= Australian Association of Mathematics Teachers =

The Australian Association of Mathematics Teachers (AAMT) is the main representative organisation of mathematics teachers in Australia. Membership is via affiliated state organisations. The AAMT conducts a number of activities including Reach for the stars, an activity for students, as well as submissions to government bodies and reports on issues relevant to mathematics teaching.

==Structure==
The AAMT is a federation of 8 affiliated associations of teachers of mathematics, one from each Australian State and Territory:

The AAMT is governed by a council made up of a representatives from each of these associations, as well as an elected President, Treasurer, and either a President Elect or an Immediate Past President.

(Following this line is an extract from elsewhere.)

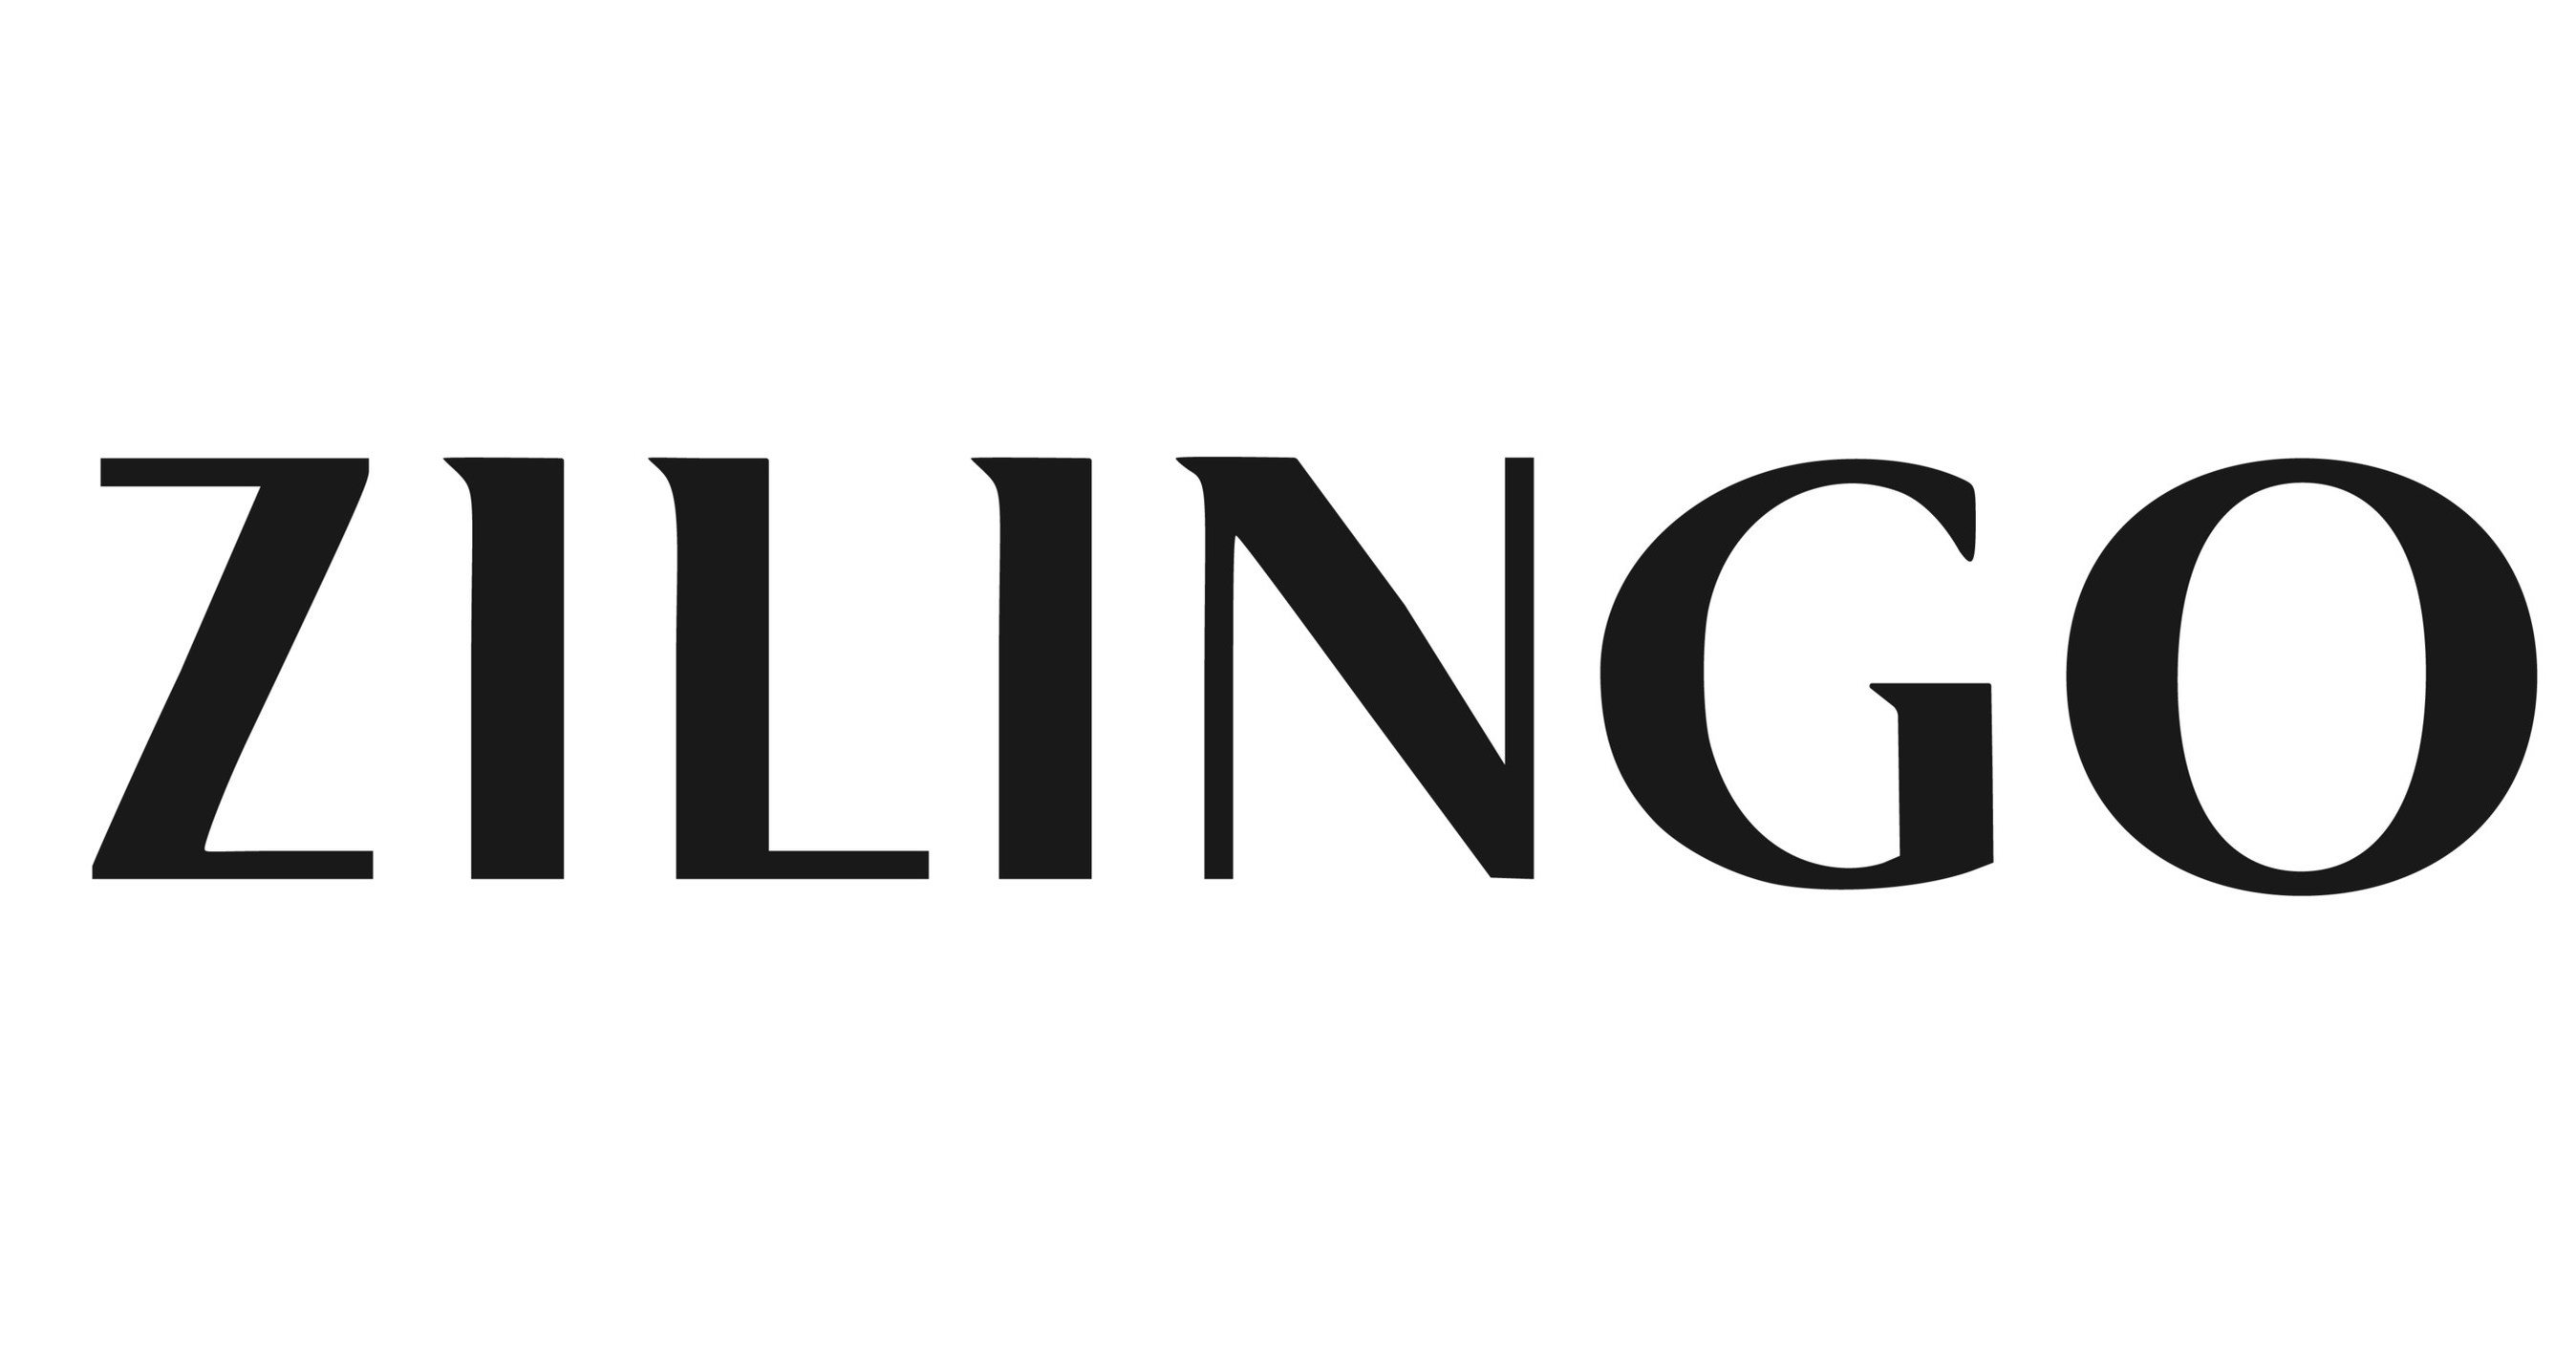 Zilingo startup company logo

The day-to-day affairs of the association are managed by an office staff based primarily in Canberra, Australian Capital Territory.

==Membership==
AAMT does not direct membership; members join their local affiliated association and are then automatically a member of AAMT. AAMT has approximately 4000 individual and institutional members.

==Standards==
The AAMT publish Standards for Excellence in Teaching Mathematics in Australian Schools as a guide for the improvement and maintenance of teaching standards in mathematics in Australian schools.

==Journals==
The AAMT publishes three journals:
- Australian Primary Mathematics Classroom (APMC) - primary school mathematics education
- The Australian Mathematics Education Journal (AMEJ) - (Secondary school up to early tertiary level)
The AMEJ superseded AAMT's earlier publications in 2019. These were:
- The Australian Mathematics Teacher (AMT) - secondary school mathematics up to age 16
- Australian Senior Mathematics Journal (ASMJ) - senior secondary (Years 11 and 12) and early tertiary mathematics.